BEGIN Supplied material
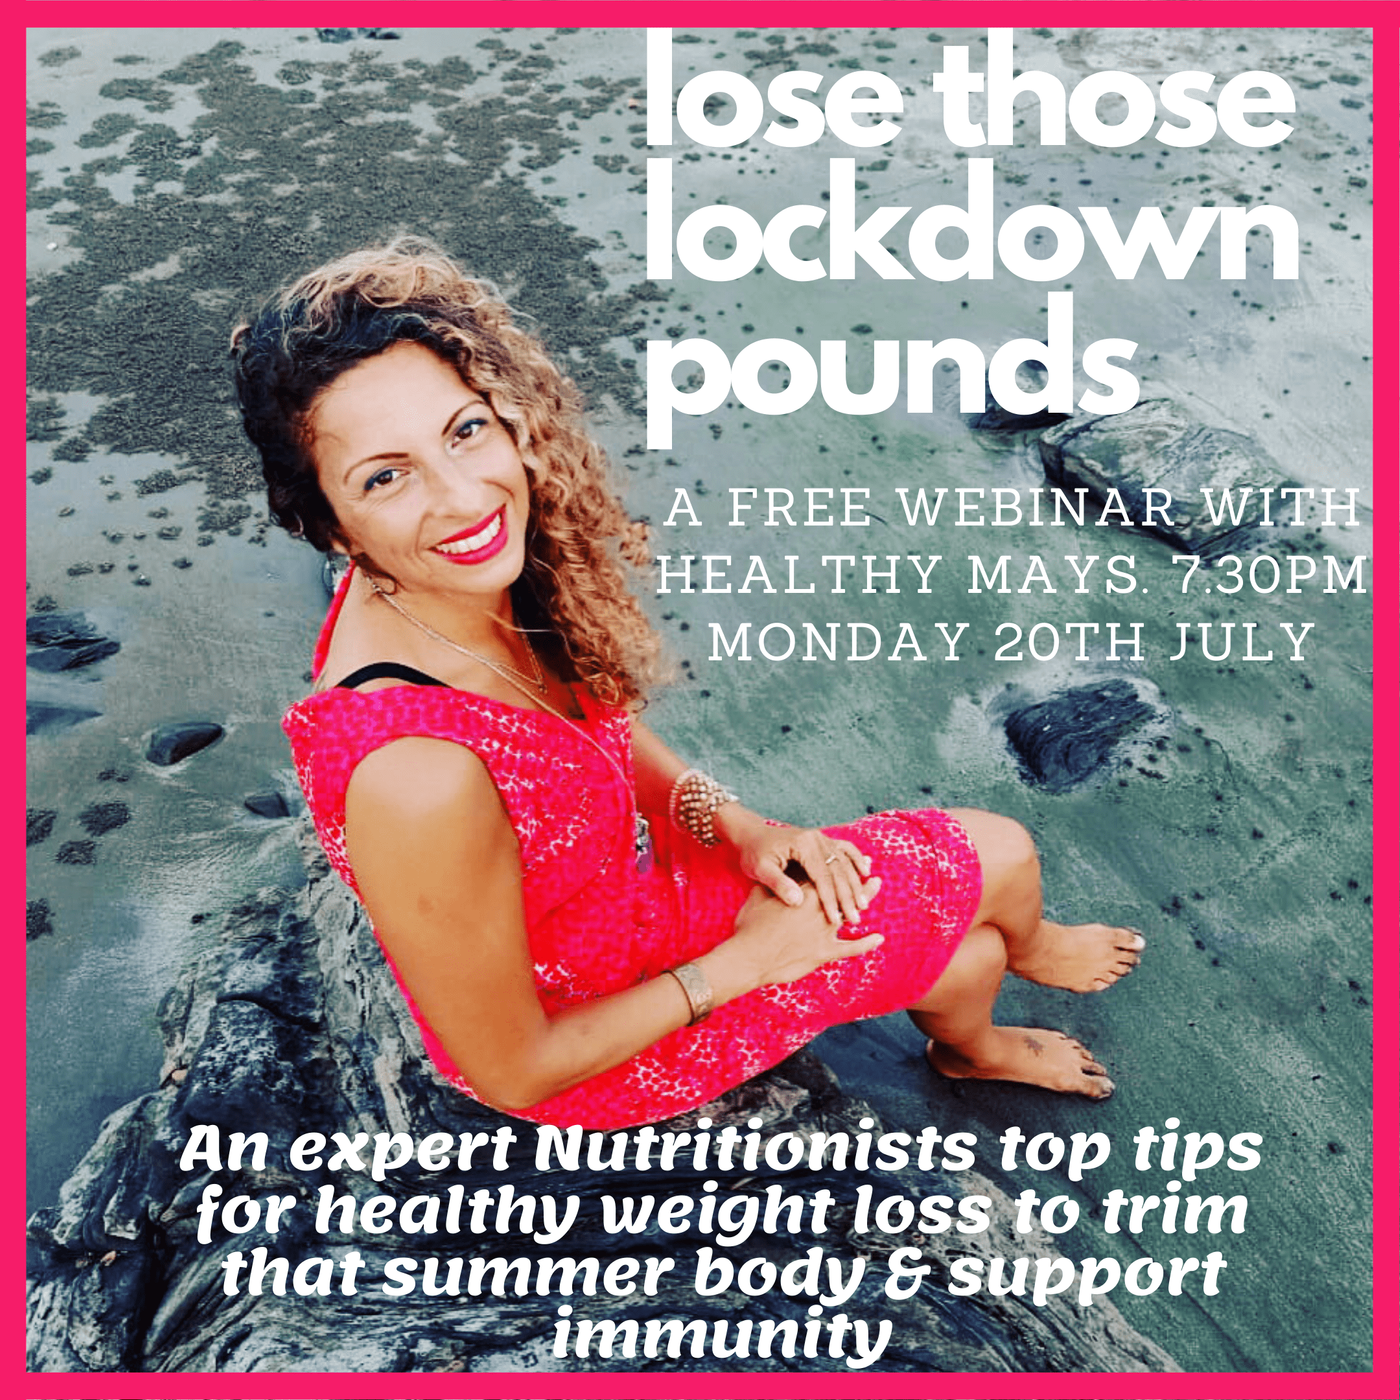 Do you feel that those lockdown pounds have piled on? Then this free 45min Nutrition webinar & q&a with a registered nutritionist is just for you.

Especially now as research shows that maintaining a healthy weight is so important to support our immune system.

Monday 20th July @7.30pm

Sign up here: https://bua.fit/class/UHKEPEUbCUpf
END Supplied material
● Your task:
Restate the listing word for word. Pictures do not belong in the copy.

● Solution to the problem:
 Do you feel that those lockdown pounds have piled on? Then this free 45min Nutrition webinar & q&a with a registered nutritionist is just for you.

Especially now as research shows that maintaining a healthy weight is so important to support our immune system.

Monday 20th July @7.30pm

Sign up here: https://bua.fit/class/UHKEPEUbCUpf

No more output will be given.